Exception in thread read_grpc_client_inputs:
Traceback (most recent call last):
  File "/usr/lib/python3.7/threading.py", line 917, in _bootstrap_inner
    self.run()
  File "/usr/lib/python3.7/threading.py", line 865, in run
    self._target(*self._args, **self._kwargs)
  File "/root/pyenv/lib/python3.7/site-packages/apache_beam/runners/worker/data_plane.py", line 598, in <lambda>
    target=lambda: self._read_inputs(elements_iterator),
  File "/root/pyenv/lib/python3.7/site-packages/apache_beam/runners/worker/data_plane.py", line 581, in _read_inputs
    for elements in elements_iterator:
  File "/root/pyenv/lib/python3.7/site-packages/grpc/_server.py", line 391, in __next__
    return self._next()
  File "/root/pyenv/lib/python3.7/site-packages/grpc/_server.py", line 383, in _next
    request = self._look_for_request()
  File "/root/pyenv/lib/python3.7/site-packages/grpc/_server.py", line 367, in _look_for_request
    _raise_rpc_error(self._state)
  File "/root/pyenv/lib/python3.7/site-packages/grpc/_server.py", line 113, in _raise_rpc_error
    raise rpc_error
grpc.RpcError
Exception in thread run_worker:
Traceback (most recent call last):
  File "/usr/lib/python3.7/threading.py", line 917, in _bootstrap_inner
    self.run()
  File "/usr/lib/python3.7/threading.py", line 865, in run
    self._target(*self._args, **self._kwargs)
  File "/root/pyenv/lib/python3.7/site-packages/apache_beam/runners/portability/local_job_service.py", line 216, in run
    'Worker subprocess exited with return code %s' % p.returncode)
RuntimeError: Worker subprocess exited with return code 1
axeltidemann commented 3 years ago

How can I read the post_transform_schema from the Transform component? TFDV has a load_stats_binary method, but unfortunately no load_schema_binary. For context, the SchemaGen component still outputs a schema.pbtxt file, but the Transform component outputs a Schema.pb binary file.

ConverJens commented 3 years ago

And on this note, why does SchemaGen produce pbtxt files while Transform uses pb files?

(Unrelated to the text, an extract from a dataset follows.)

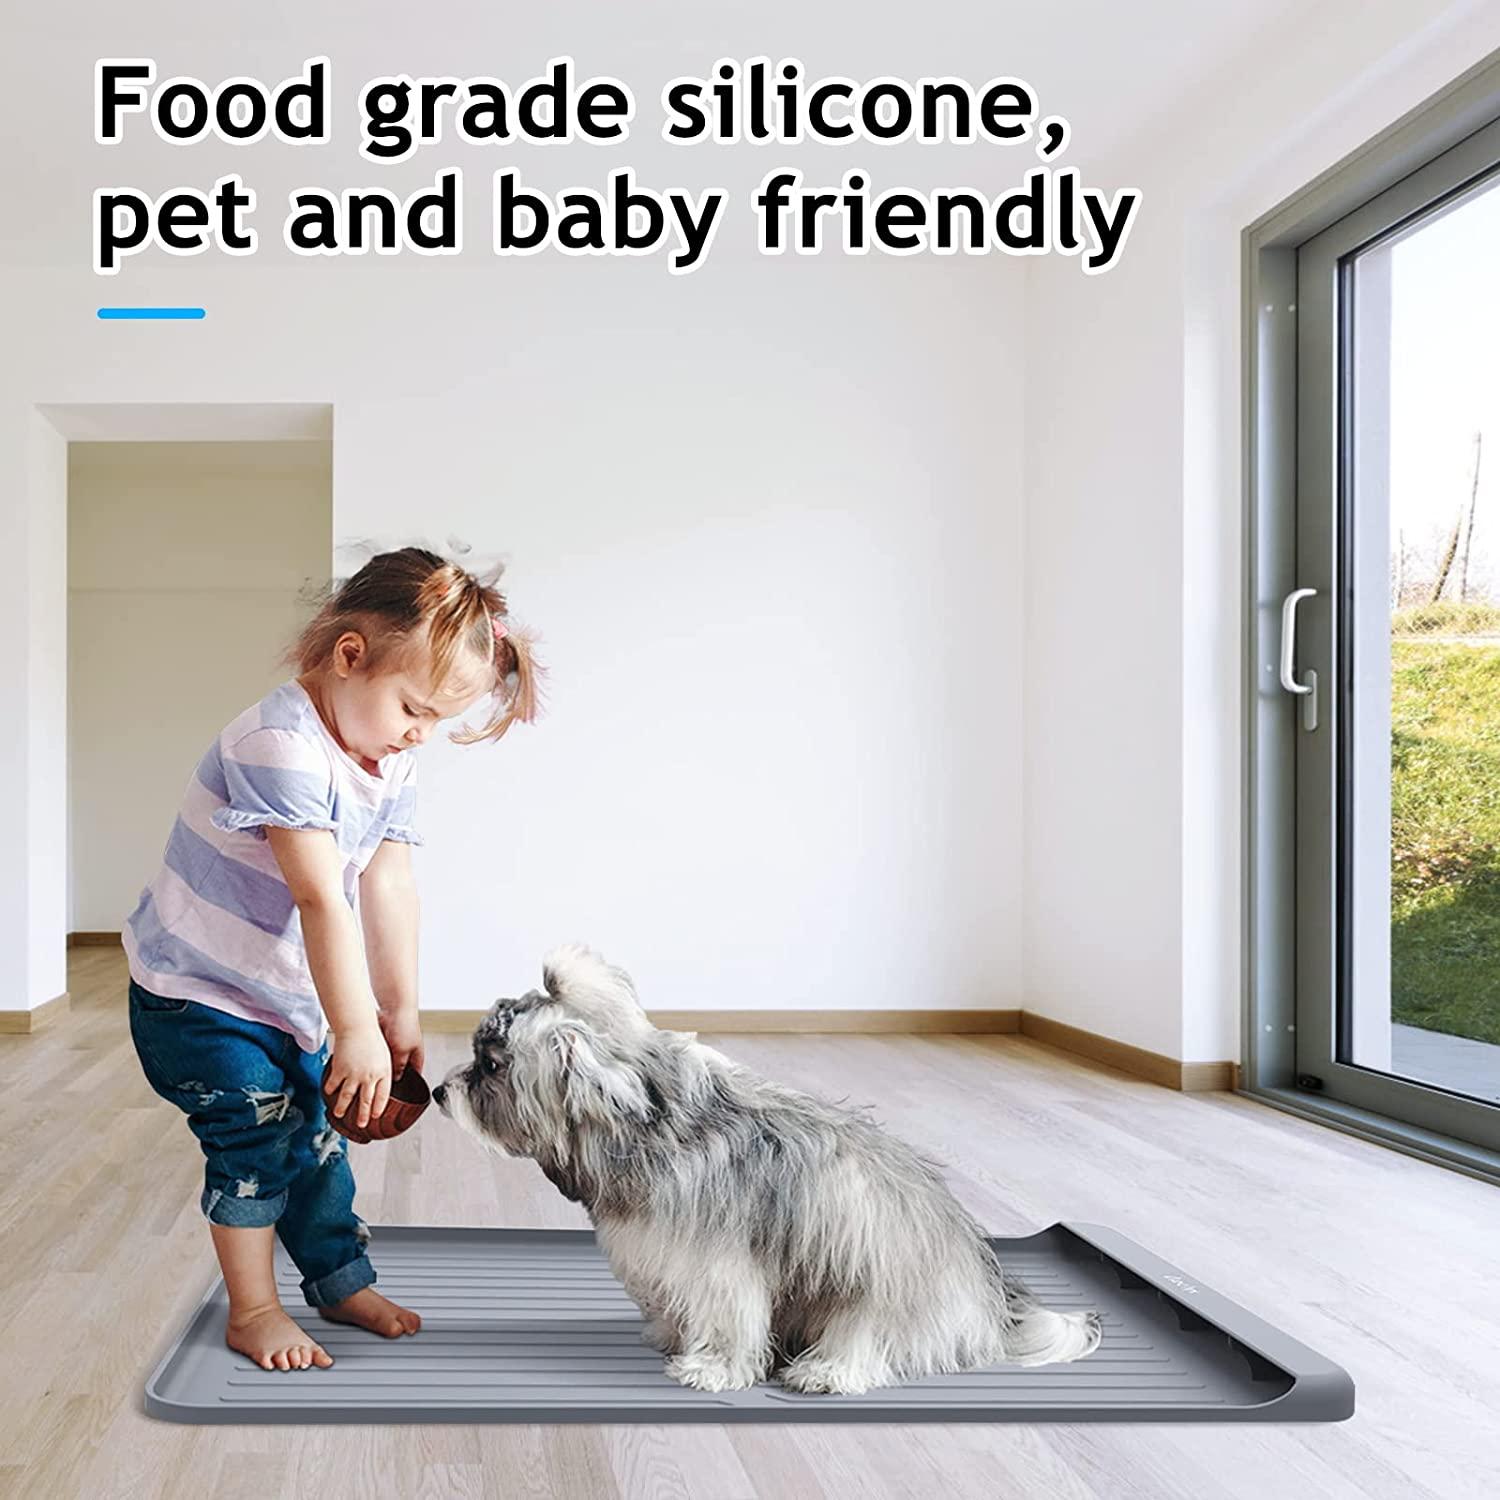  AMOFY Pet Mats, 43X26, Exceptionally Hygienic, Non-Slip,  Water Resistant, Comfortable and Portable, Machine Washable, Fit Indoor  Outdoor Use for Dogs Cat Pet, Four Seasons Orange : Pet Supplies

Also, in TFX io_utils there is a SchemaReader class which only reads pbtxt files but could trivially be extended to handle pb files as well.

ConverJens commented 3 years ago

@axeltidemann Regarding reading the new schema, it's quite easy with some code of your own:

from tensorflow_metadata.proto.v0 import schema_pb2
from tfx.utils import io_utils
from tfx.types import artifact_utils
uri = io_utils.get_only_uri_in_dir(artifact_utils.get_single_uri([schema_artifact]))
if uri.endswith('.pbtxt'):
    schema = io_utils.SchemaReader().read(uri)
else:
    schema = schema_pb2.Schema()
    with get_file_system_or_s3_descriptor(uri, 'rb') as f:
        schema.ParseFromString(f.read())
schemas[self.get_producer(schema_artifact) + ' ' + self.get_name_property(schema_artifact)] = schema
axeltidemann commented 3 years ago

Thank you for sharing, @ConverJens . Ideally, the SchemaReader should be able to read both file types, no?

ConverJens commented 3 years ago

In my opinion, absolutely! Using a similar logic as the one I posted, i.e. check file ending, this would be a trivial change hidden in the SchemaReader class.

jiyongjung0 commented 3 years ago

@axeltidemann @ConverJens Thank you so much for reporting the inconsistency. We are trying to converge the output format to schema.pbtxt in https://github.com/tensorflow/tfx/pull/3940 and it will be included in the final 1.0.0 release.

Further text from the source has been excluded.